Lean Eunis already felt a change in his body. He lived at Macleod Street. The lane was dingy. He had a musty room beside the kitchen in a two-story wooden ramshackle house. There he lived with some Gujrati leather merchants for four years. The smell of leather was so foul and pungent that he could hardly smell the foul air of the choked drain or a dead mouse or a rat. Eunis often suffered from fever and early morning cough. Still, he did not leave the neighbourhood because someone said to him that smell of leather could thwart tuberculosis. So he happily lived there. After office, he would stand in front of the window and see the holeless wall of the adjacent house and take a deep breath. His health however did not improve by this practice.       

Without food and eating a house seemed dull. For a week they cooked and dined like Mughals. Everybody’s secret technique of cooking came to daylight. One followed his grandmother’s way of making homemade pastry. It, however, turned into a bad food. But all savoured it and licked their fingers. Off and on there was a musical concert in the evening. Habibullah bought a wayward harmonium from somewhere and till midnight he shrilly sang at the top of his voice.

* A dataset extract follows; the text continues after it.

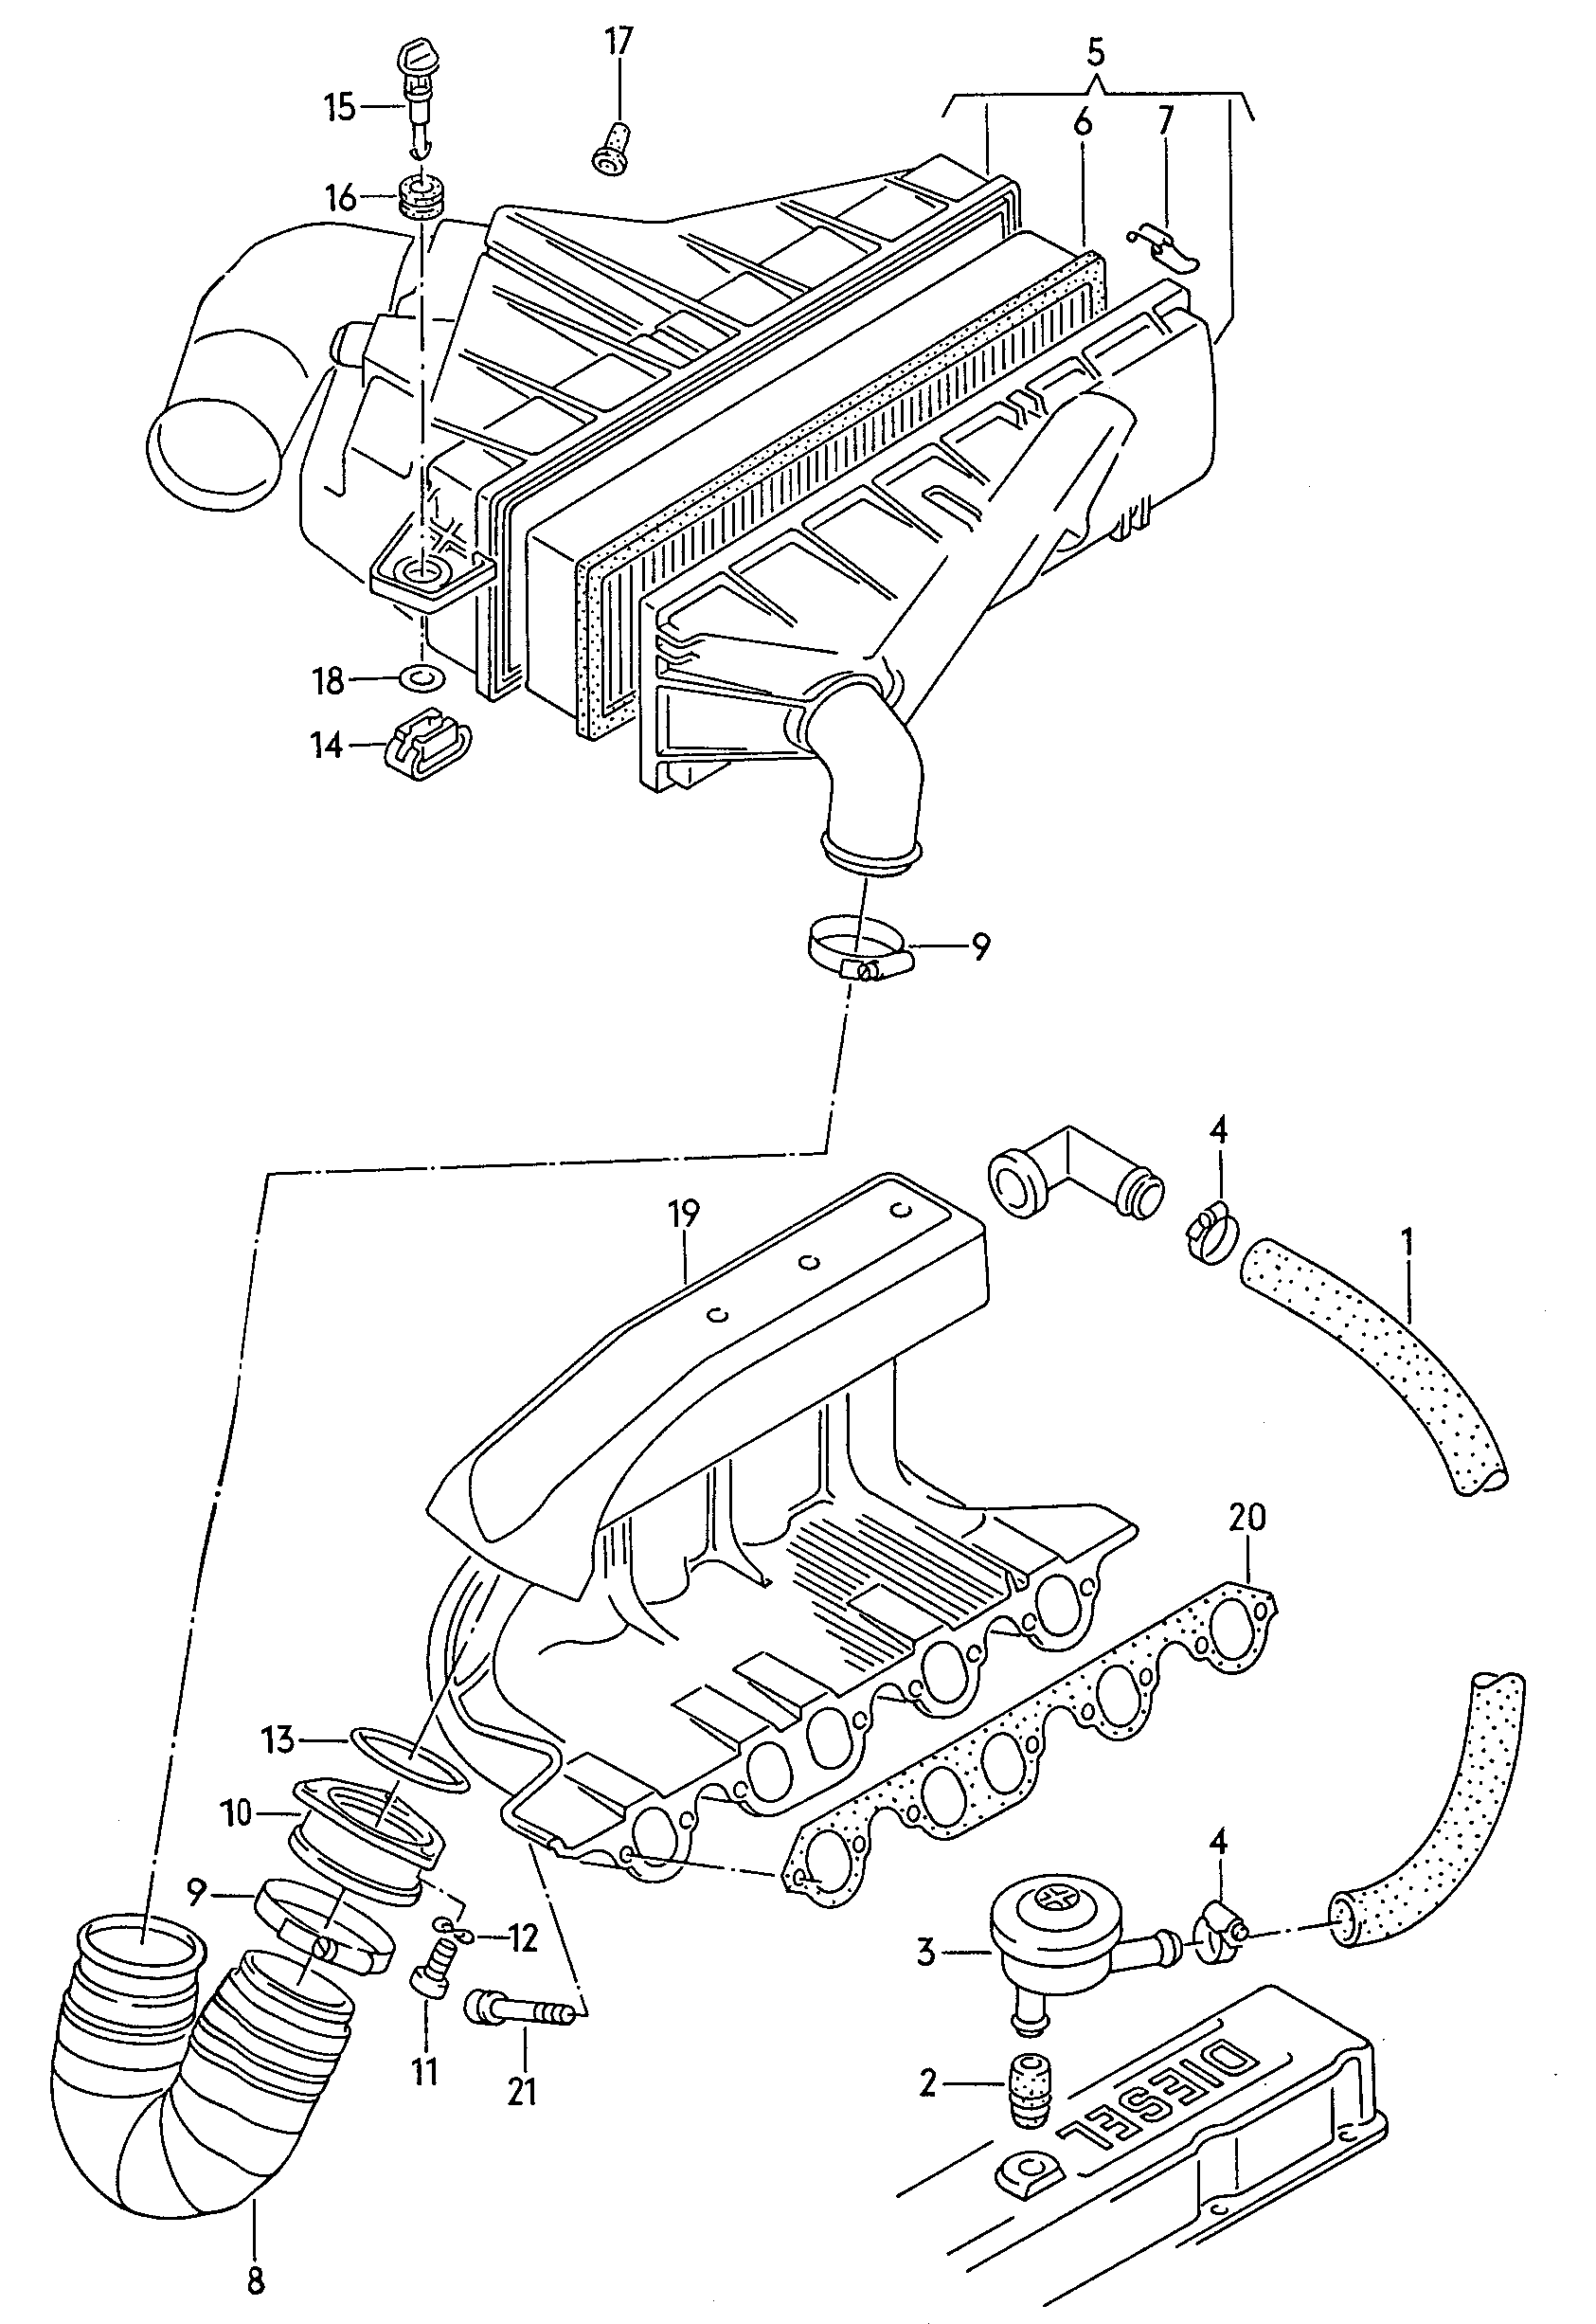 Air filterPressure regulating valveIntake connection 2.4ltr. - Audi 100 - a10
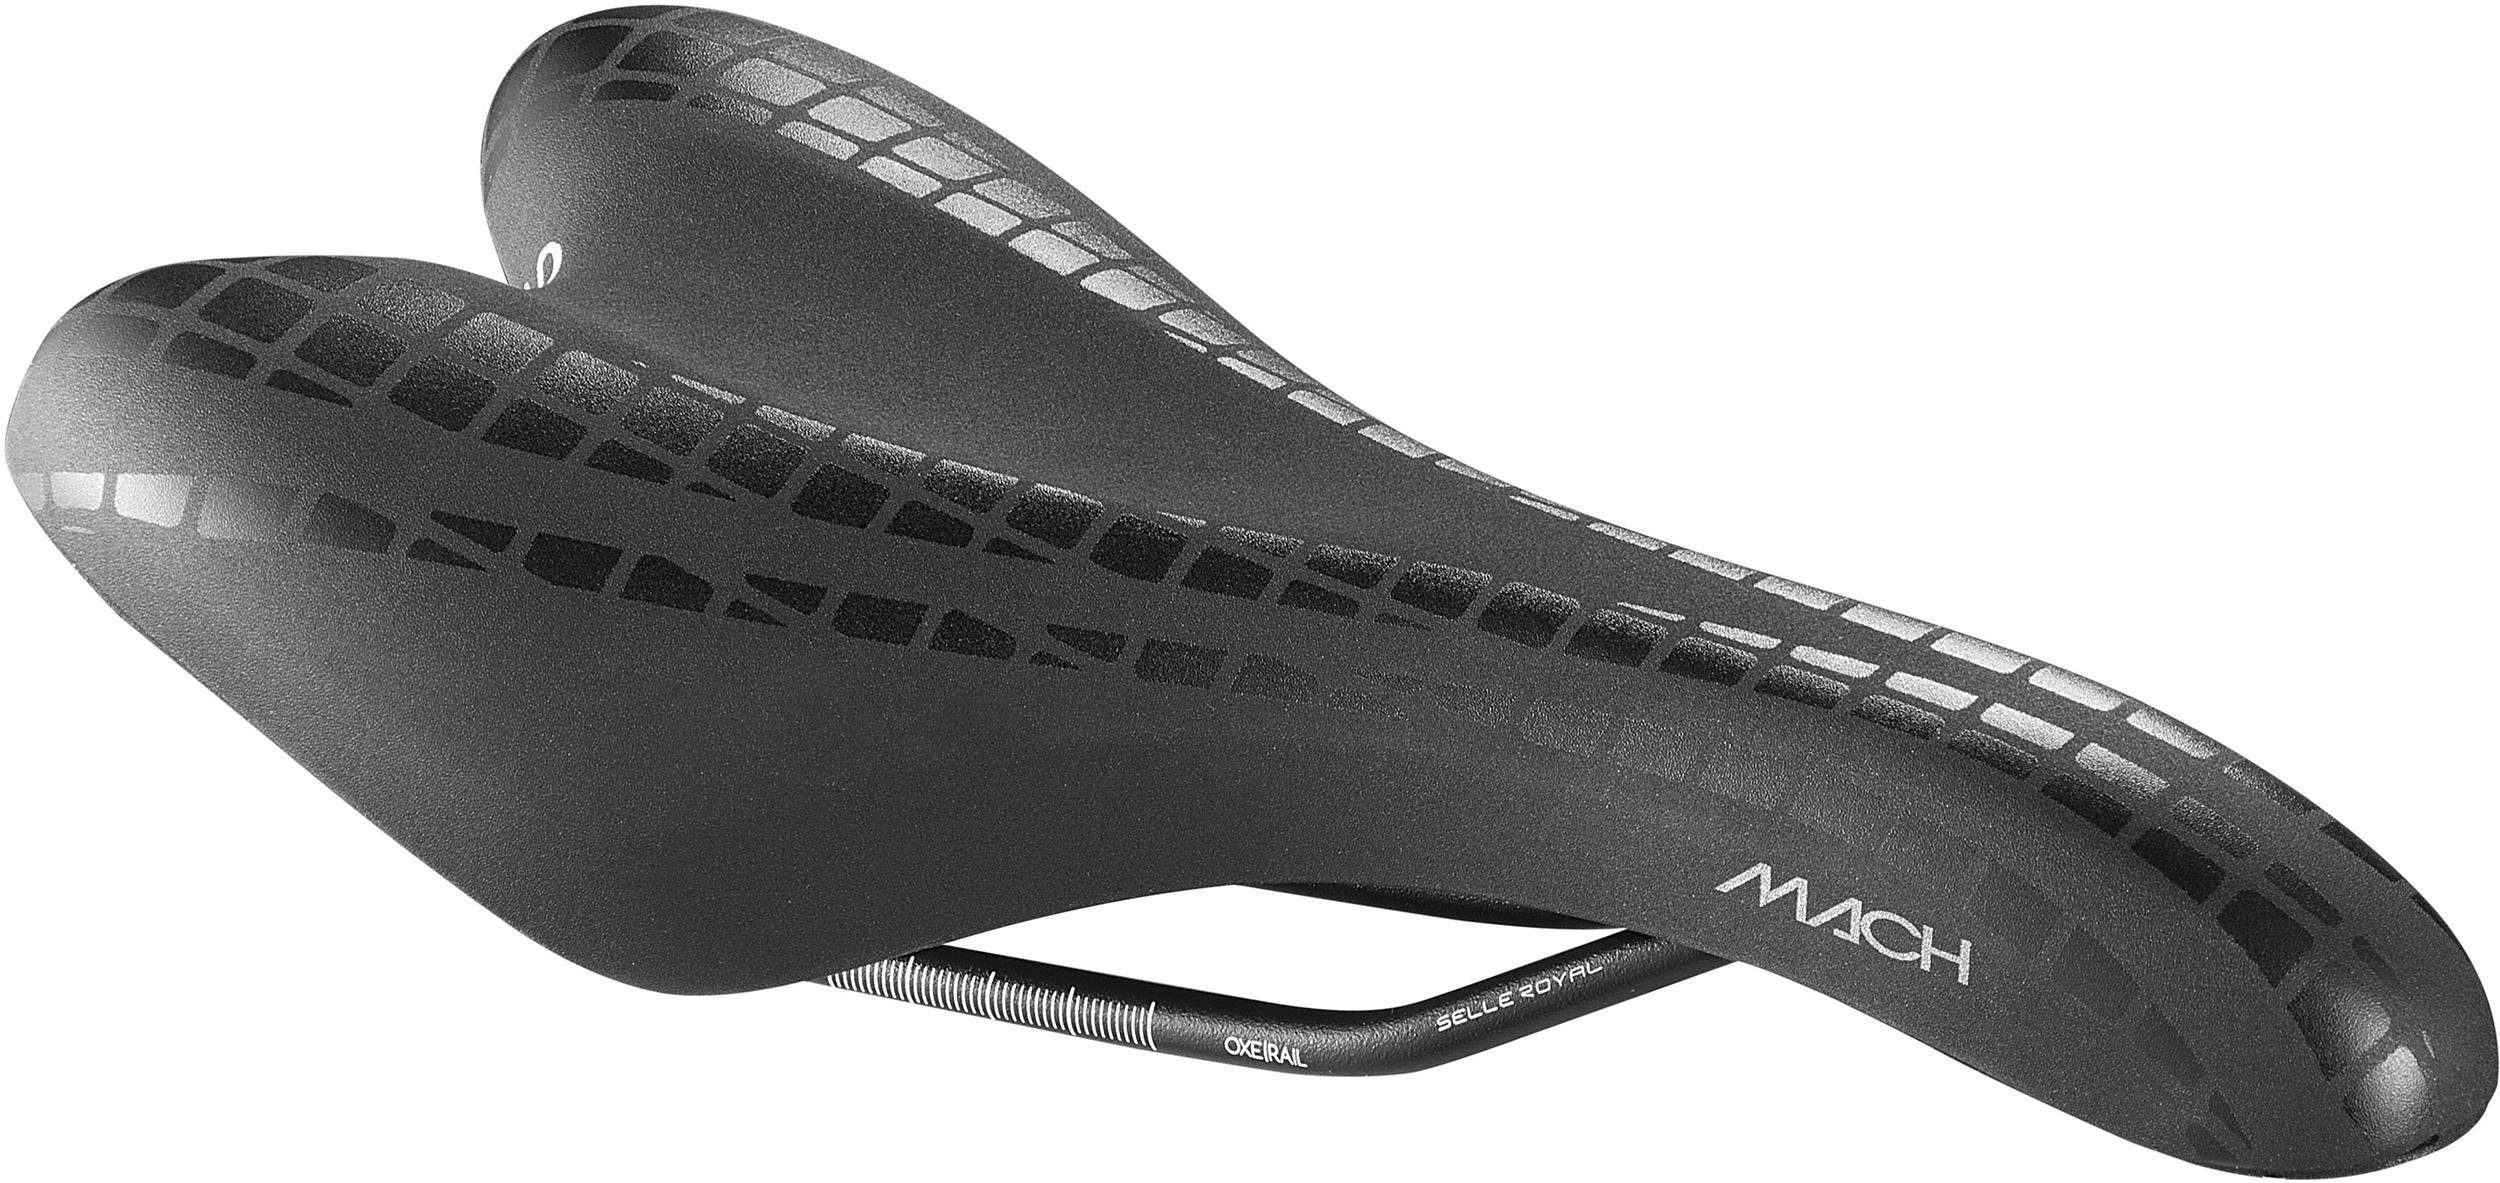 Fahrrad-Sattel // Unisex Classic Selle Royal Mach 2 Athletic

At this time they suddenly noticed a tulsi plant in a raised square brick-made platform at the edge of the yard.

It was Sunday. Modabber was pacing up and down in the yard brushing his teeth with a neem twig. Suddenly he frenziedly shouted. He was a racy man. He was known for making a hill out of a mole. At the drop of a hat, he berated breast.  Some friends in fear ran towards him.

“What’s the matter?” they asked.

“Open your eyes.” Modabber said.

“What? What do we see?” They stood confused.

They in the hope of seeing snakes or something like that, missed the tulsi plant.

“Can’t you see the tulsi plant standing awkwardly there? It has to be uprooted. No trace of Hindu culture will be put up with.” Modabber heatedly argued.

They in disappointment looked at the basil plant. It seemed to have died. The green leaves had turned yellow. Weeds had covered its root. It might not be watered for days.

“What are you watching? Root it out!” boomed Modabber.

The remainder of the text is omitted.